# Activity
Drop all images. Then write out each line below exactly as given.
___ Data excerpt ___
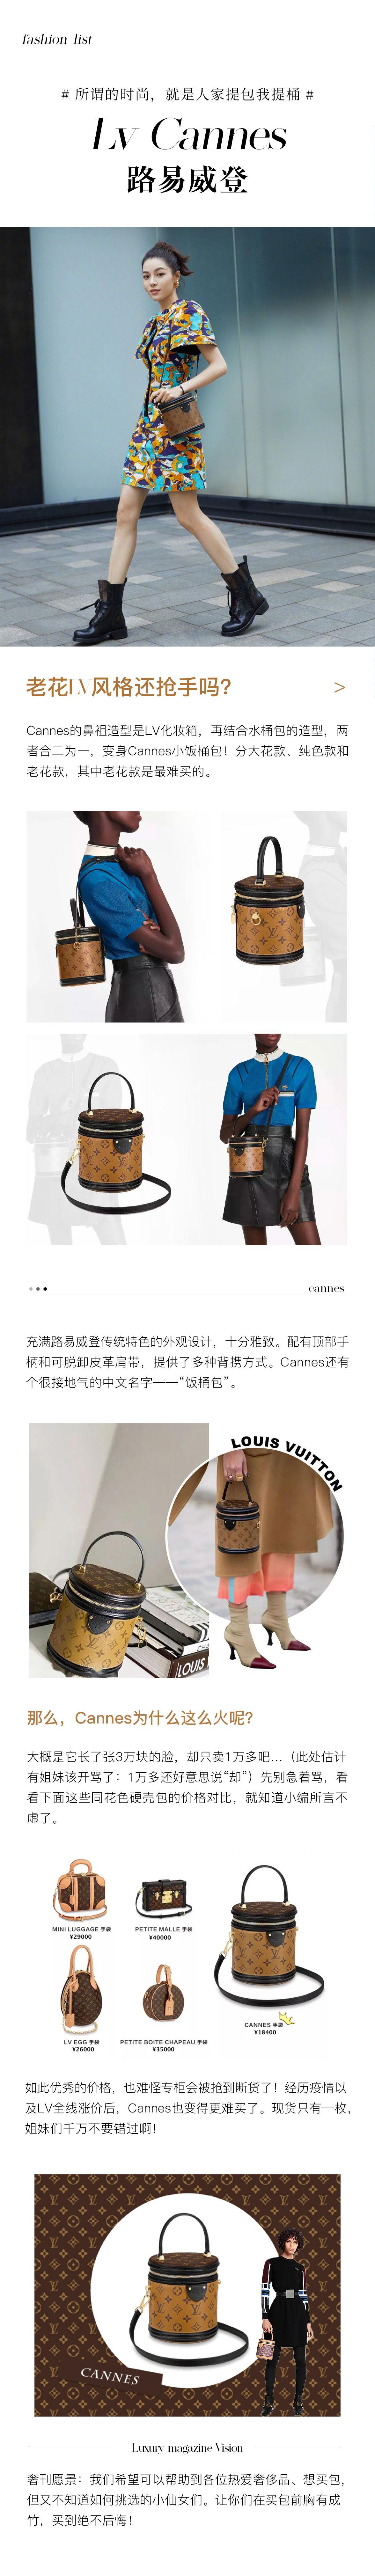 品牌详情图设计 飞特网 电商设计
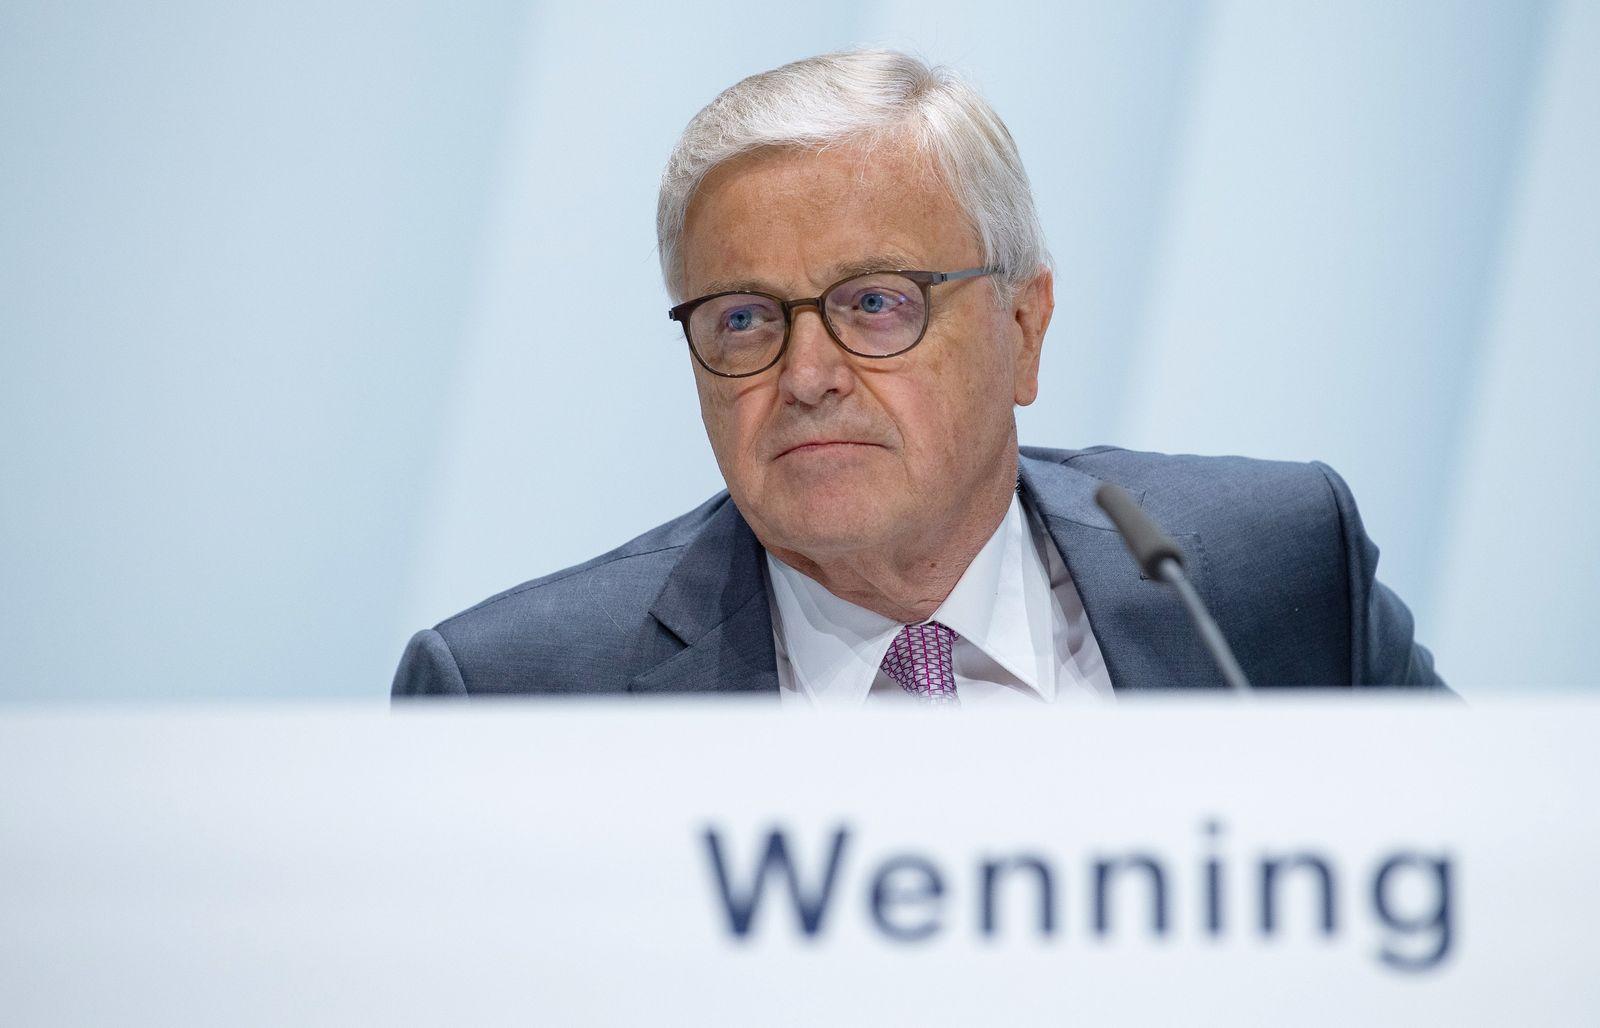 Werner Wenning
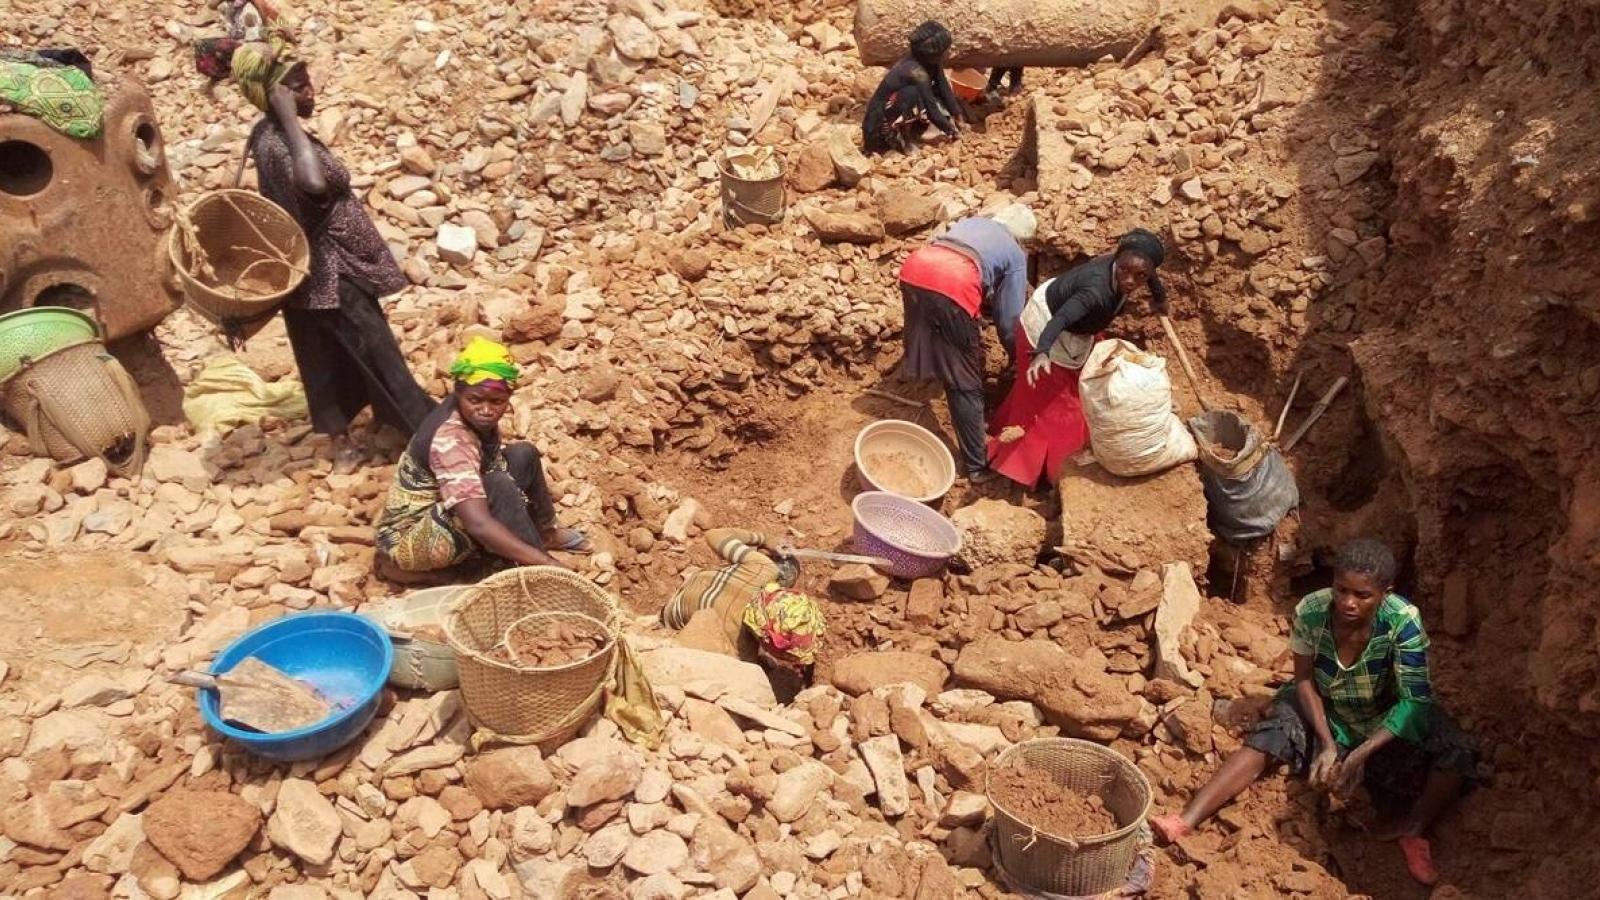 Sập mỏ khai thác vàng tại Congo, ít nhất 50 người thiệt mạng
___
# Written response
 品牌详情图设计 飞特网 电商设计
 Werner Wenning
 Sập mỏ khai thác vàng tại Congo, ít nhất 50 người thiệt mạng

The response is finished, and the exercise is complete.